Patients could have experienced more than one irAE. Therefore, the total number of irAEs is more than the total number of patients.
Fig 1.
Incidence of immune-related adverse events (irAEs) by dose of ipilimumab. y-axis indicates the proportion of patients experiencing an irAE of any grade after each of the ipilimumab (Ipi) infusions.
Treatment of irAEs
Because grading the severity of an adverse event can be subjective, we analyzed the data on the basis of whether or not the patient required systemic immunosuppressive therapy as assessed by the treating physician. One hundred and three patients (35%) required systemic corticosteroid treatment for an irAE. The majority of these patients (n = 78) received corticosteroids for grade ≥ 3 irAEs. However, 25 patients received corticosteroids for grade 2 (23 patients) or grade 1 (two patients) irAEs. The reasons for corticosteroid initiation were diarrhea (50 patients), hepatitis (22 patients), dermatitis (21 patients), endocrinopathies (14 patients), uveitis (one patient), pneumonitis (one patient), seizure (one patient), arthritis (one patient), and hearing loss (one patient). Patients may have had multiple irAEs concurrently that led to corticosteroid initiation. Of the 25 patients who received systemic corticosteroids for grade 1 or grade 2 irAEs, 15 had failed to respond to milder treatment before receiving systemic corticosteroids. For example, of the 14 patients who received systemic corticosteroids for grade 1 or grade 2 diarrhea, 10 had failed to respond to budesonide or antidiarrheal medications. In most cases, these patients only required a short course of orally administered corticosteroids.
Of the 103 patients who were treated with systemic corticosteroids, 31 (10% of the entire study population) did not experience adequate resolution of their symptoms and were treated with additional systemic immunosuppressive therapy. Two patients received mycophenolate (1,000 mg, twice a day) for grade 3 and grade 4 immune-related hepatotoxicity, while the other 29 patients received infliximab (5 mg/kg) for immune-related diarrhea. These 29 patients had grade 2 (seven patients), grade 3 (15 patients), or grade 4 (seven patients) diarrhea and had been treated with systemic corticosteroids without resolution of symptoms. Twenty-six of the 29 patients (90%) had received at least one week of high-dose corticosteroids (1 mg/kg prednisone equivalent) without adequate improvement of symptoms.

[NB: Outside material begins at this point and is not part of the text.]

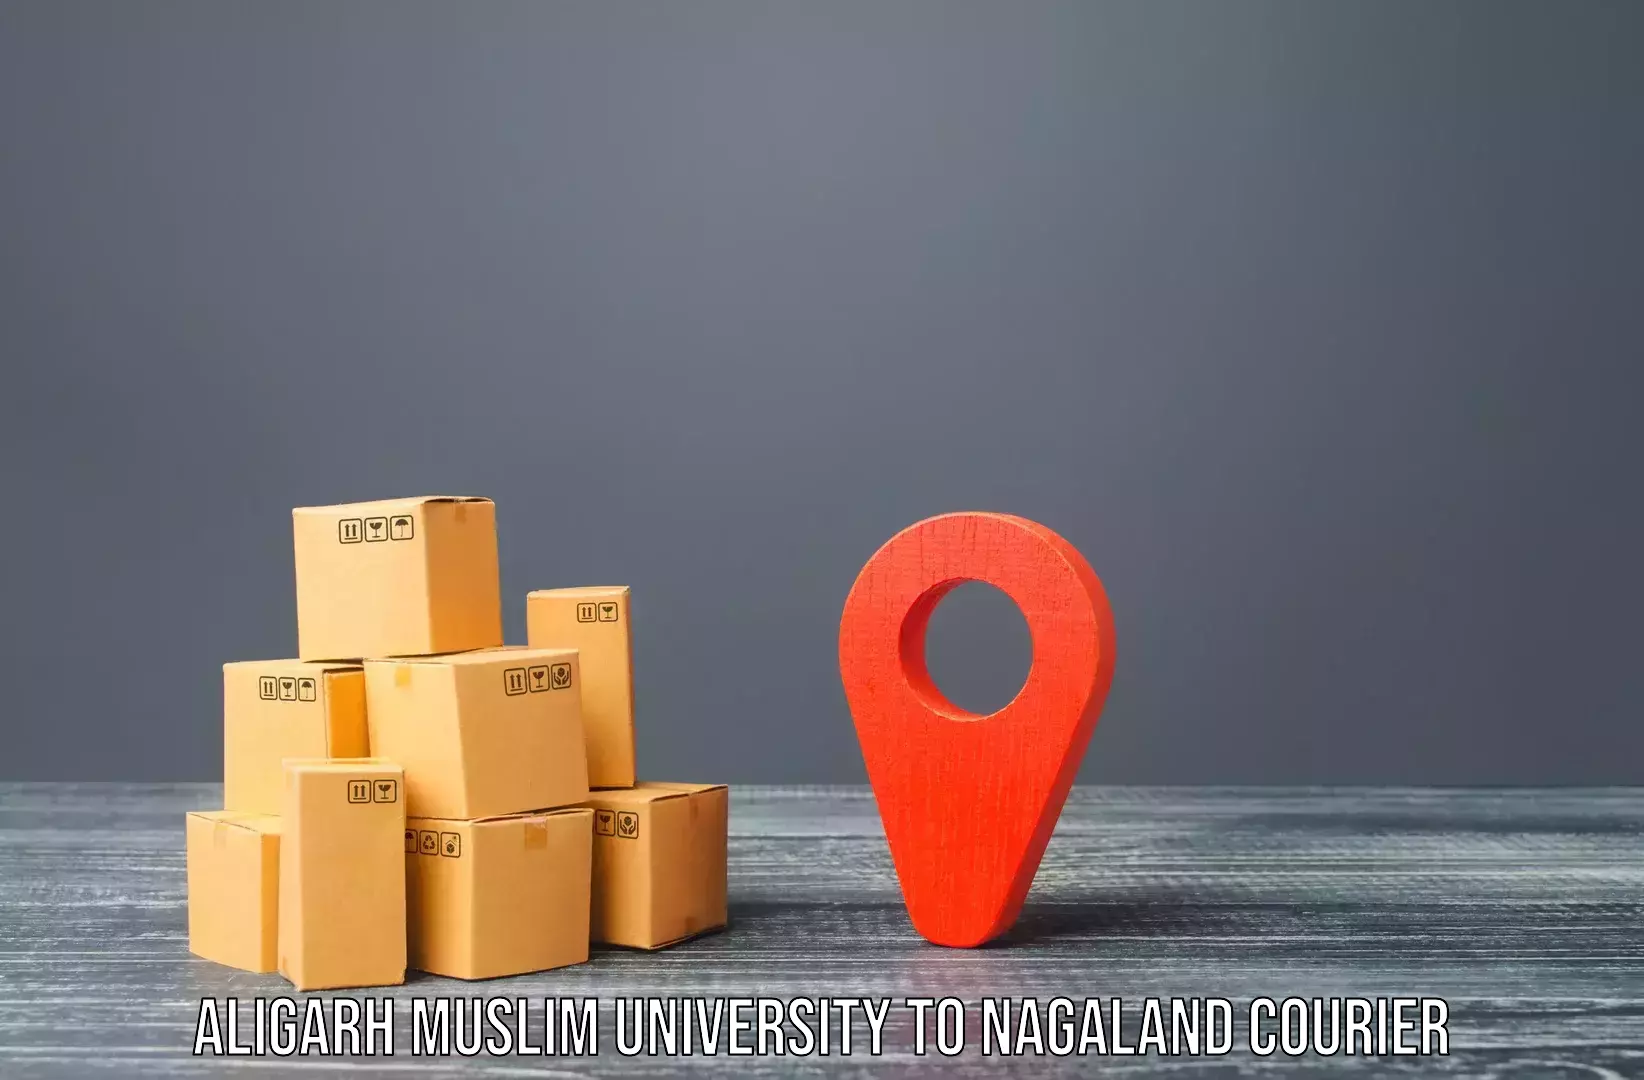 Door-to-door relocation services Aligarh Muslim University to Dimapur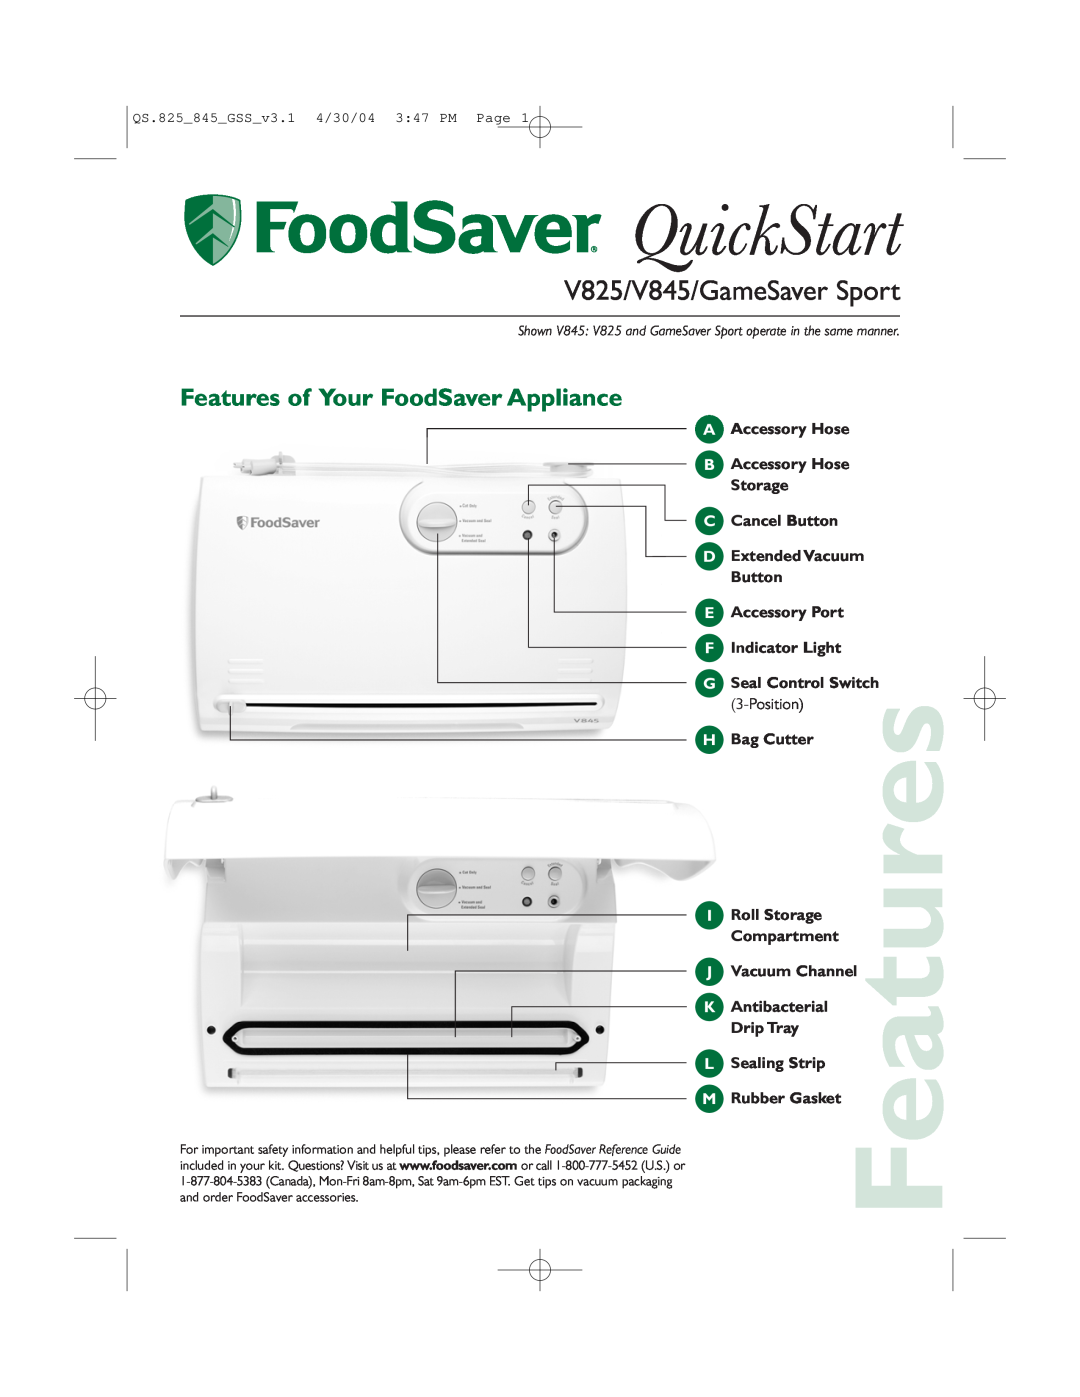 FoodSaver v825 quick start Features of Your FoodSaver Appliance, QuickStart, V825/V845/GameSaver Sport

The other three patients were switched to infliximab because of worsening diarrhea, having received less than a week of corticosteroids. Twenty-one of the 29 patients (72%) responded to infliximab, most after a single dose, but three patients required a second dose of infliximab. Eight patients did not respond to infliximab and were managed with prolonged courses of corticosteroids. One of the eight patients who did not respond to the first dose of infliximab received adalimumab (80 mg) because of an infusion reaction during the second dose of infliximab. This patient did not respond to adalimumab and was managed on a prolonged course of corticosteroids.
OS and TTF
The estimated median OS was 16.5 months (95% CI, 12.6 to 21.1) with an estimated 2-year survival rate of 39% (95% CI, 33% to 46%) (Fig 2A). The estimated median TTF was 5.7 months (95% CI, 5.1 to 6.4) for all patients (Fig 2B). The TTF curve plateaued at approximately 12%, indicating that an estimated 88% of patients either progressed and required a change in therapy or died before a change in therapy could be initiated.
Fig 2.
Overall survival (OS) and time to treatment failure (TTF) in 298 patients treated with ipilimumab. (A) OS was defined as time from first dose of ipilimumab until death. (B) TTF was defined as time from first dose of ipilimumab until first dose of a subsequent therapy or death, whichever came first. Dashed lines indicate 95% CIs. Black dots represent censored patients.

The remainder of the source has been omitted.